Roberta Schmieder, Jens Hoffmann, Michael Becker, Ajay Bhargava, Tina Müller, Nicole Kahmann, Peter Ellinghaus, Robert Adams, André Rosenthal, Karl-Heinz Thierauch, Arne Scholz, Scott M Wilhelm, Dieter Zopf, Roberta Schmieder, Jens Hoffmann, Michael Becker, Ajay Bhargava, Tina Müller, Nicole Kahmann, Peter Ellinghaus, Robert Adams, André Rosenthal, Karl-Heinz Thierauch, Arne Scholz, Scott M Wilhelm, Dieter Zopf

Abstract

Regorafenib, a novel multikinase inhibitor, has recently demonstrated overall survival benefits in metastatic colorectal cancer (CRC) patients. Our study aimed to gain further insight into the molecular mechanisms of regorafenib and to assess its potential in combination therapy. Regorafenib was tested alone and in combination with irinotecan in patient-derived (PD) CRC models and a murine CRC liver metastasis model. Mechanism of action was investigated using in vitro functional assays, immunohistochemistry and correlation with CRC-related oncogenes. Regorafenib demonstrated significant inhibition of growth-factor-mediated vascular endothelial growth factor receptor (VEGFR) 2 and VEGFR3 autophosphorylation, and intracellular VEGFR3 signaling in human umbilical vascular endothelial cells (HuVECs) and lymphatic endothelial cells (LECs), and also blocked migration of LECs. Furthermore, regorafenib inhibited proliferation in 19 of 25 human CRC cell lines and markedly slowed tumor growth in five of seven PD xenograft models.

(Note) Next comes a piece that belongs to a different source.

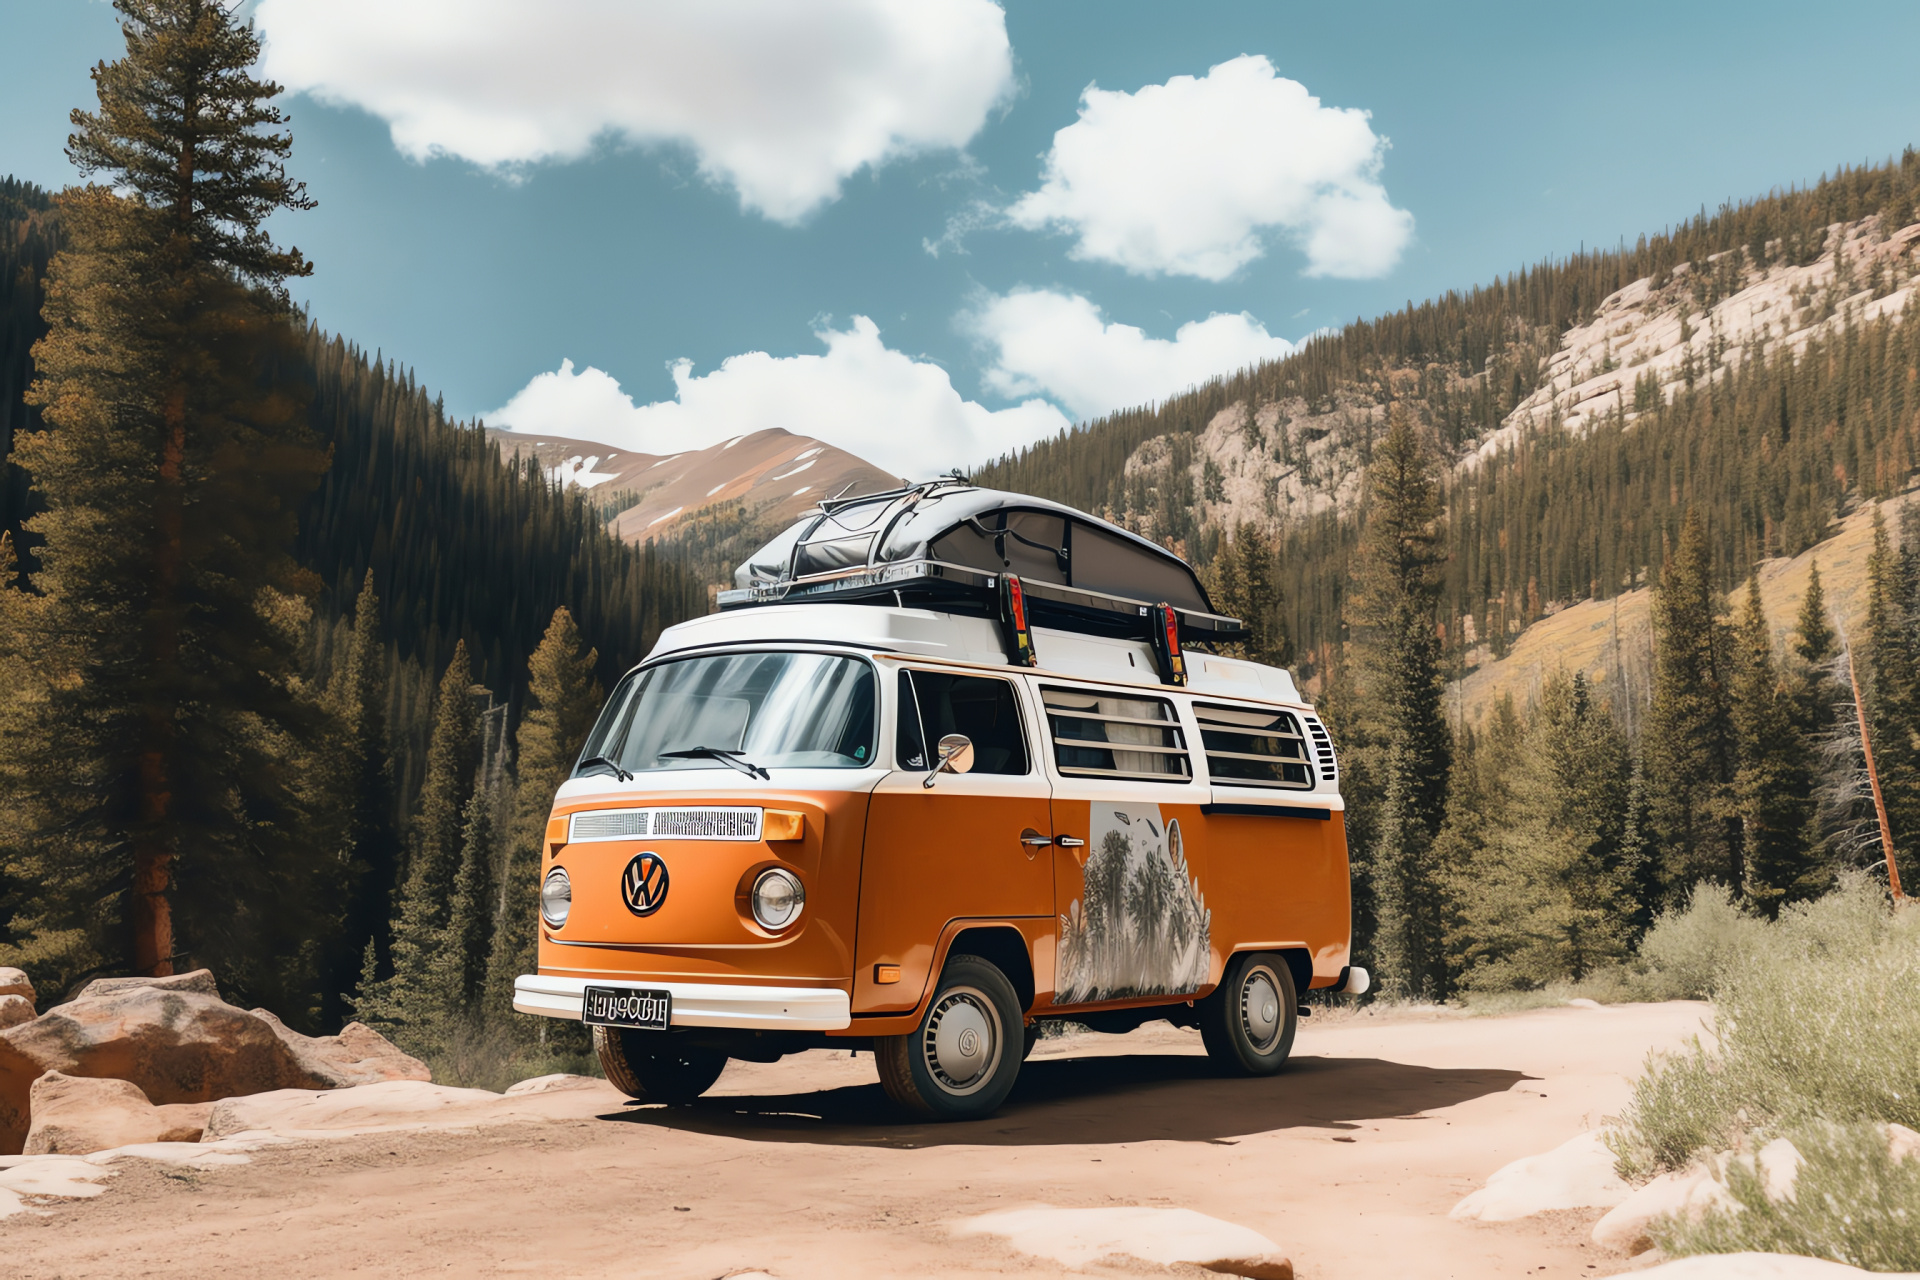 VW Bus adventure, Colorado wilderness, all-terrain capability, roof storage, alpine landscape, HD Desktop Wallpaper

Combination of regorafenib with irinotecan significantly delayed tumor growth after extended treatment in four xenograft models. Reduced CD31 staining indicates that the antiangiogenic effects of regorafenib contribute to its antitumor activity. Finally, regorafenib significantly delayed disease progression in a murine CRC liver metastasis model by inhibiting the growth of established liver metastases and preventing the formation of new metastases in other organs. In addition, our results suggest that regorafenib displays antimetastatic activity, which may contribute to its efficacy in patients with metastatic CRC. Combination of regorafenib and irinotecan demonstrated an increased antitumor effect and could provide a future treatment option for CRC patients.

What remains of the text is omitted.